Seven generations ago, Chacon's grandfather, Juan Jose Duran, drove west on a wagon train led by Kit Carson. He would settle near the Purgatoire River in southeast Colorado, and marry Maria Luz Montoya, a Native American, from a Pueblo tribe called the Picuris.
In a town called Hoehne, Duran acquired 160 acres under the Homestead Act, which helped privatize the new American West. The original certificate, dated Nov. 3, 1892, bears the signature of President Benjamin Harrison.
Duran and Luz had a son, Jesus Maria Duran, who had three children of his own: first Frances, then her two younger brothers, Marcelino and Felix. They grew up in the second house built on the Hoehne ranch, made of adobe bricks. It's still standing.
Frances Chacon remembers they "had no electricity, nothing like that. Just, you know, candles, or lamps with oil," and an outdoor water pump.
Horses were a part of life with the Durans. Chacon had three of them. They were race horses.
She worked just as hard as her brothers farming vegetables, bailing hay, raising sheep and training horses for the U.S. military.
For fun, they raced horses and they wrestled. "I used to wrestle," Chacon recalls, "me and my brother. My youngest brother. I was very strong."
In the 1970s, Chacon moved to her own house, in Trinidad, about nine miles south.
Her passion for wrestling followed her there.
Then, she moved north, to Colorado Springs, where she lives today with one of her three daughters, Pat. Her love for wrestling hasn't ebbed a bit.
Chacon says she can't quite pin down how she's stayed healthy for 94 years. "Well, I never did drink nor smoke. Nothing like that."
But wrestling is as much a part of her daily routine as the four generations that sprouted around her, including her six great, great grandchildren.
"They're all close to me. Every one.

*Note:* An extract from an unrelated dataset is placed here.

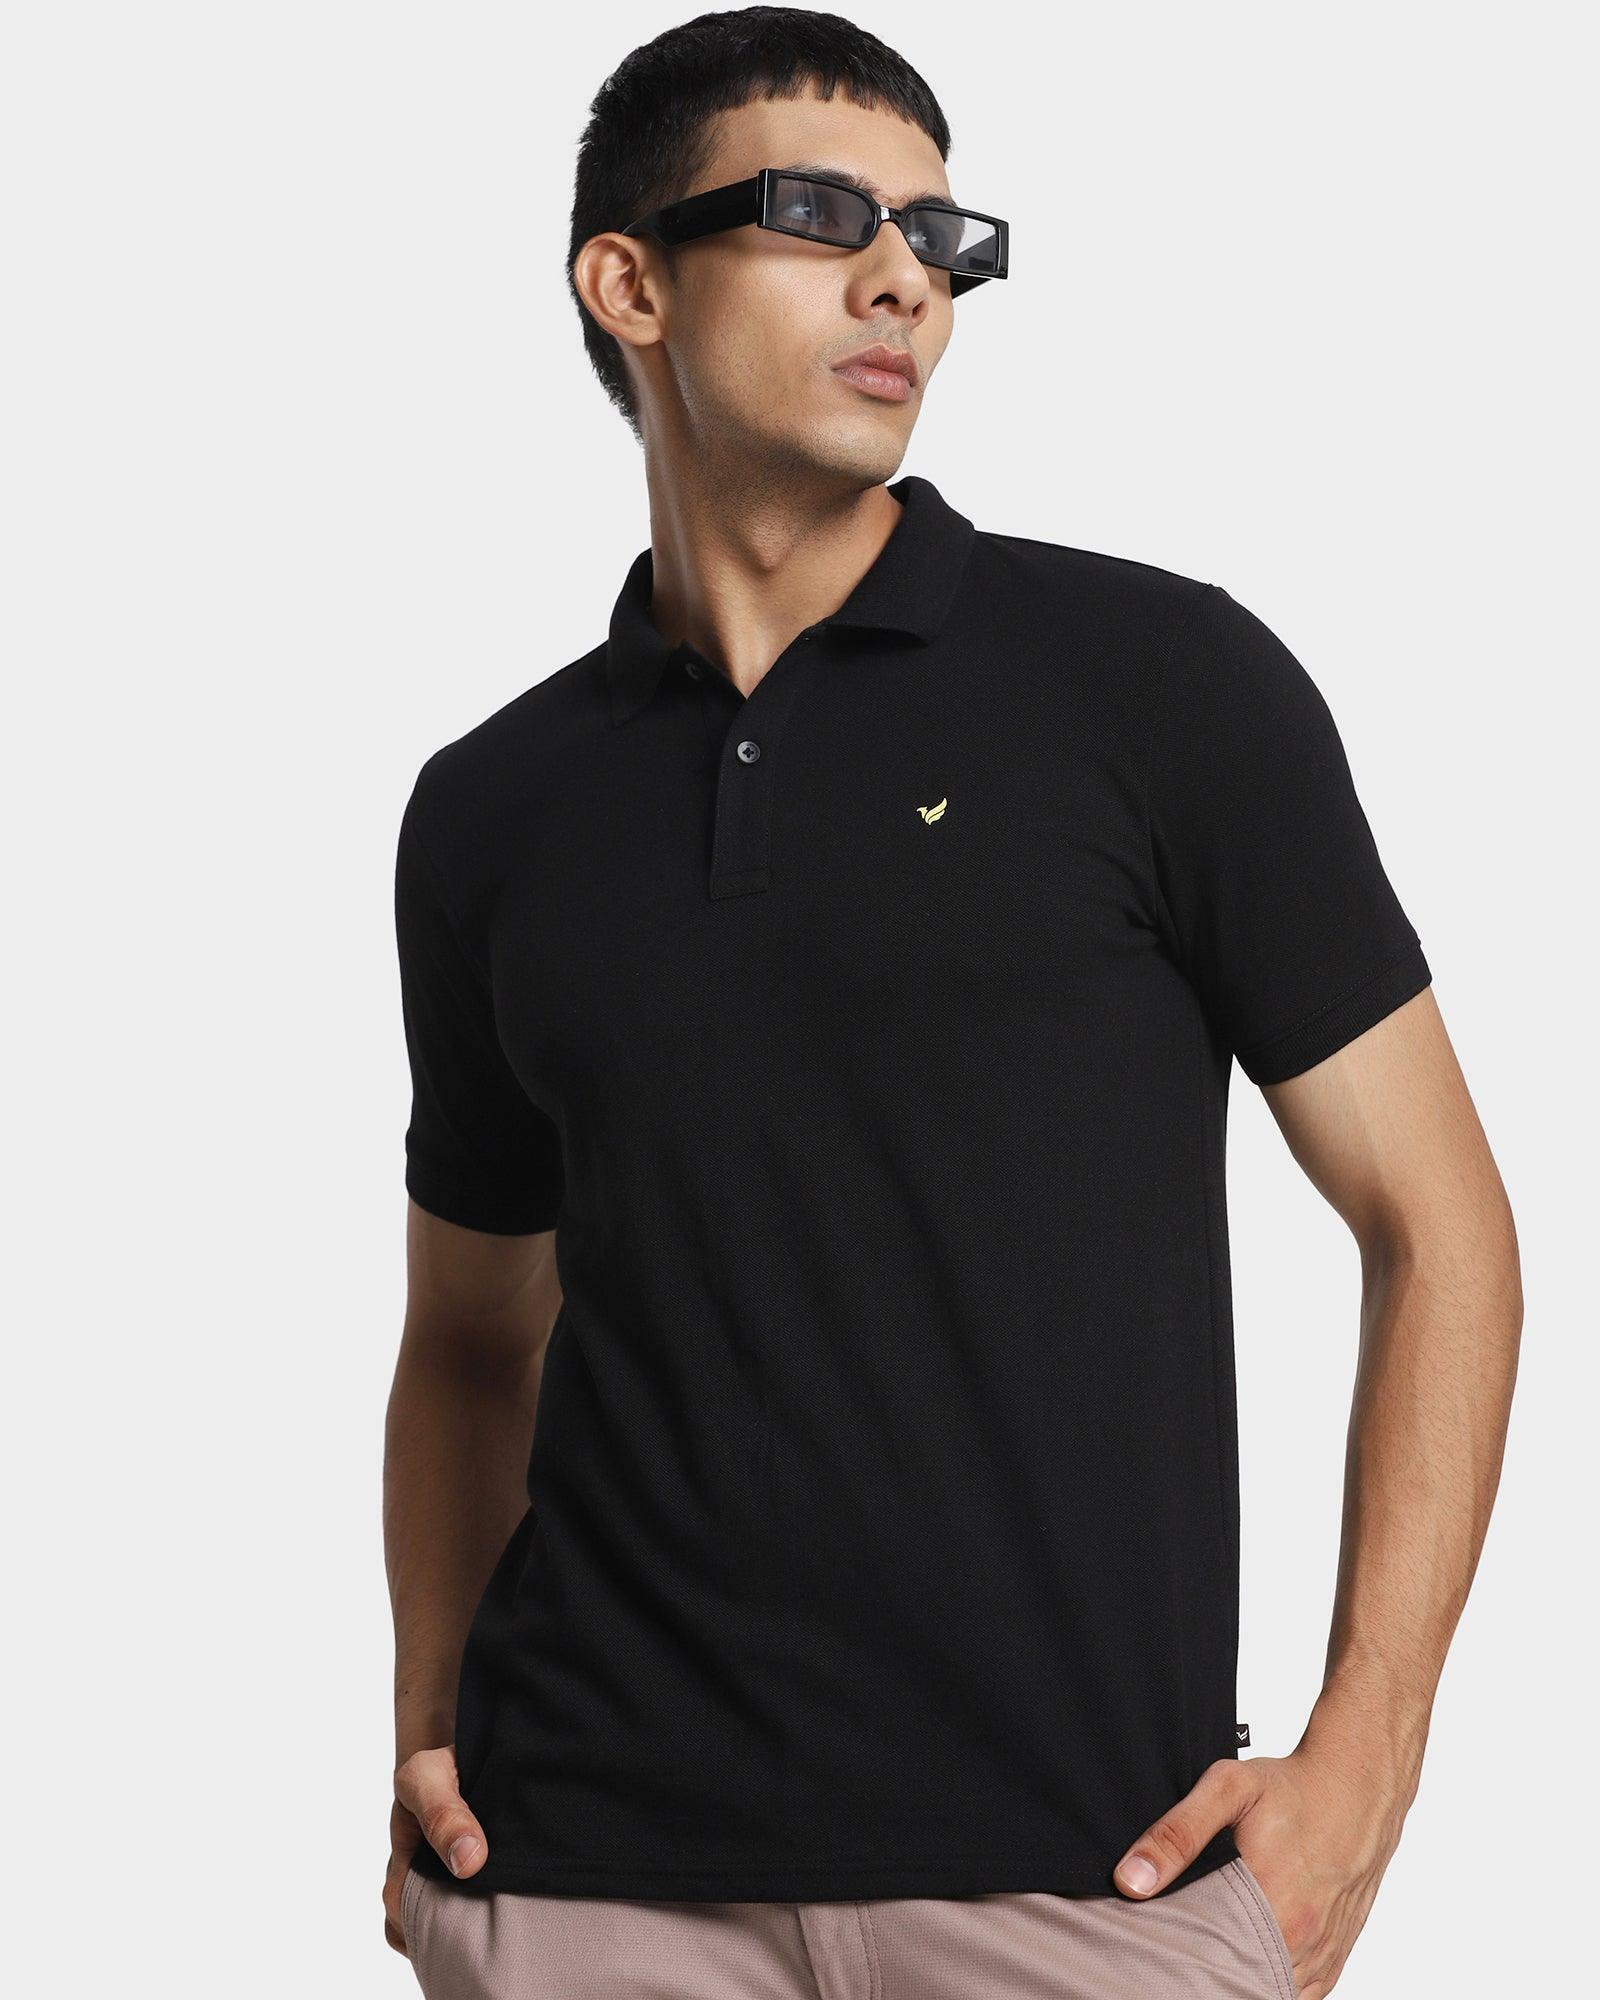 Polo Black Solid T Shirt - Romeo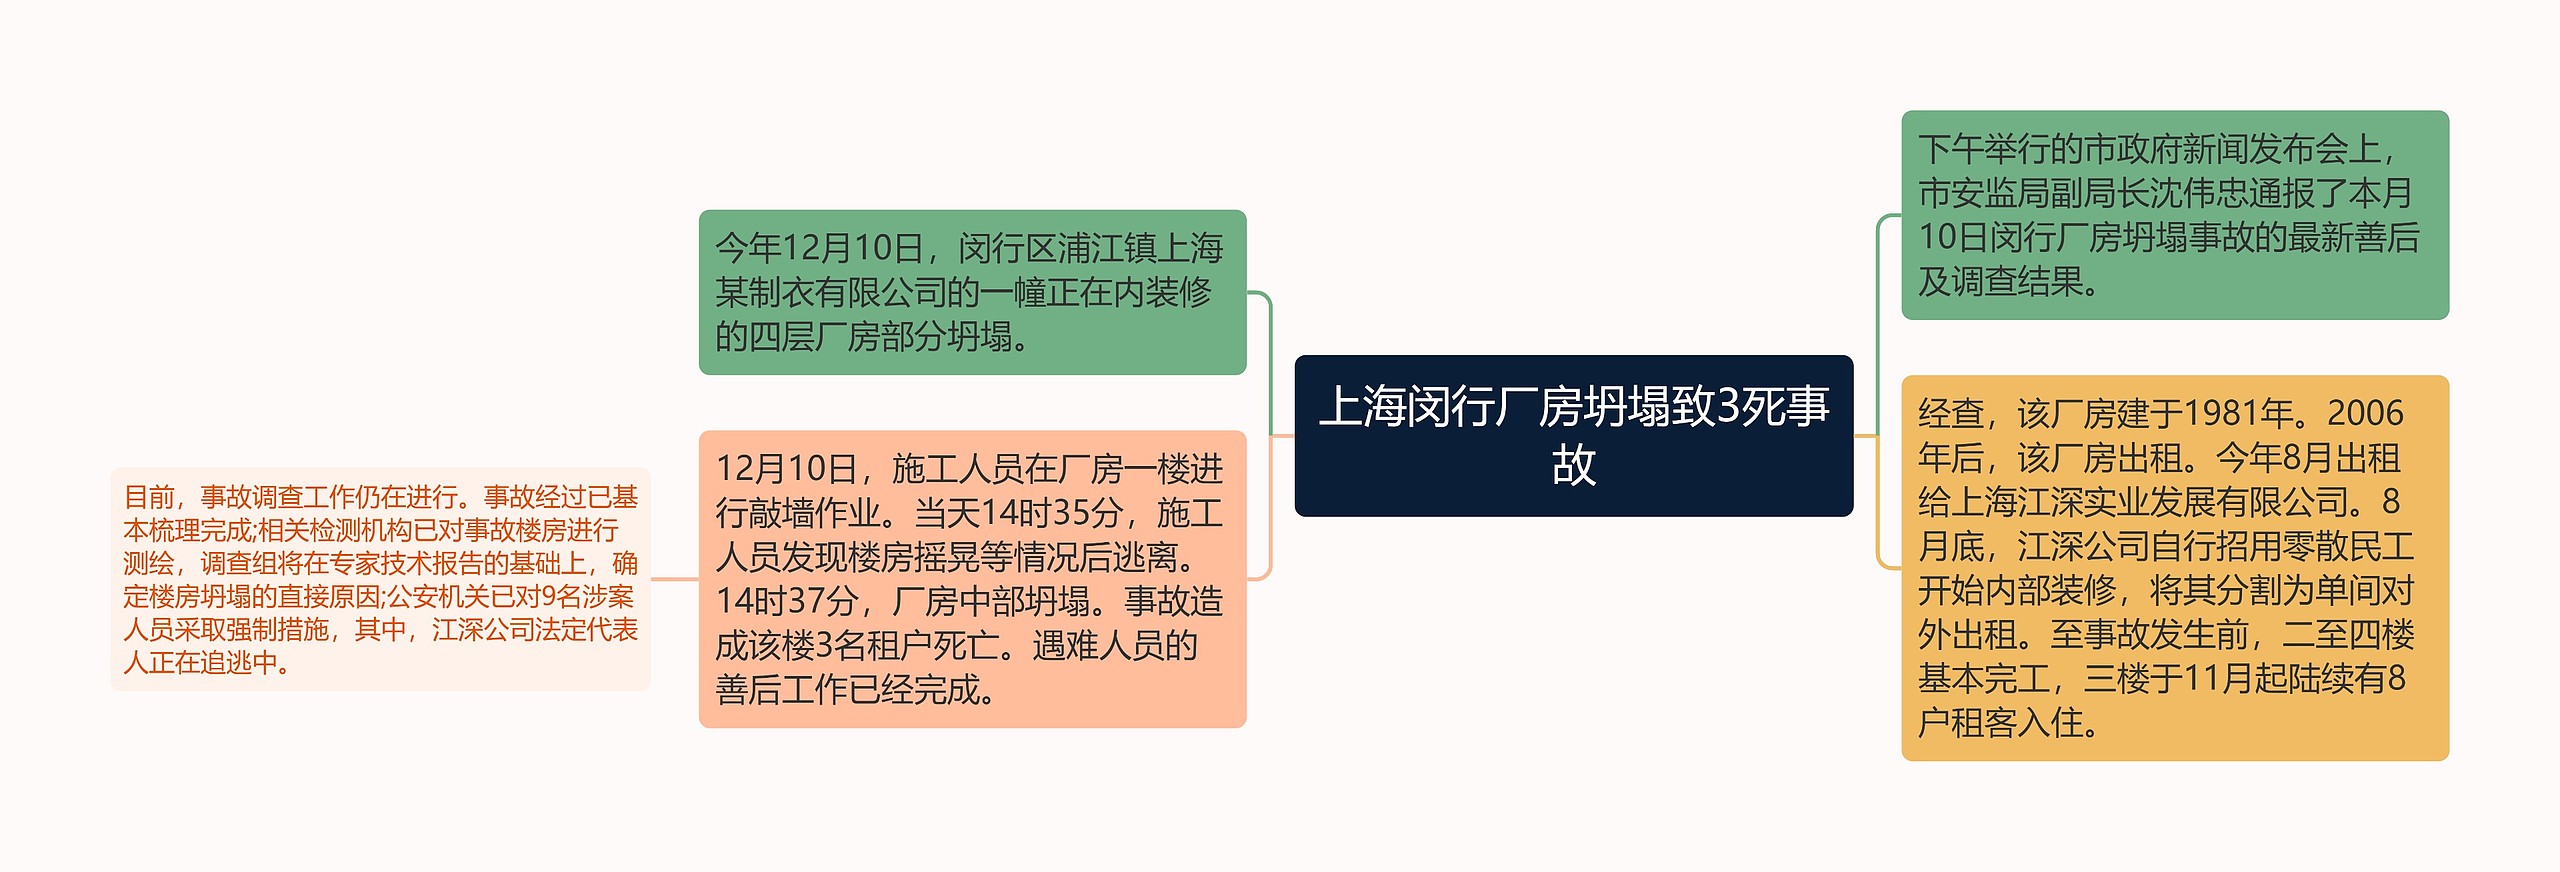 上海闵行厂房坍塌致3死事故思维导图

They're very nice to me," she says.
Including granddaughter Alice Ludi, who e-mailed The Early Show Week of Wishes staff with a special request: "My grandma … loves wrestling. She watches it every day on tape or scheduled TV. Please make my wish come true. I would love for my grandma Frances to meet a wrestler, retired or not. …Please, please, please help me to let my grandma meet a wrestler. This is my second time making a wish. My grandma is in great shape for her age but time is running out. Begging In Colorado, Alice M. Ludi."
On The Early Show Wednesday, Ludi's wish was granted, and in grand style.
Chacon was introduced to "Triple H," the reigning world heavyweight champion of World Wrestling Entertainment (WWE).
Triple H presented Chacon with an autographed copy of his book (Triple H Making the Game : Triple H's Approach to a Better Body, by Robert Caprio, World Wrestling Entertainment, August, 2004). But he also had a special gift: four tickets to a special WWE show in Philadelphia Saturday evening.
In addition, AirTran Airways provided flights for Alice and Frances. The Chambers Hotel in New York and the Four Seasons Hotel in Philadelphia provided rooms. And chef Waldy Malouf invited them to eat Thanksgiving dinner at his New York restaurant, Beacon.
Triple H also has his first film coming out on Dec. 8, "Blade: Trinity," starring Wesley Snipes and Kris Kristofferson.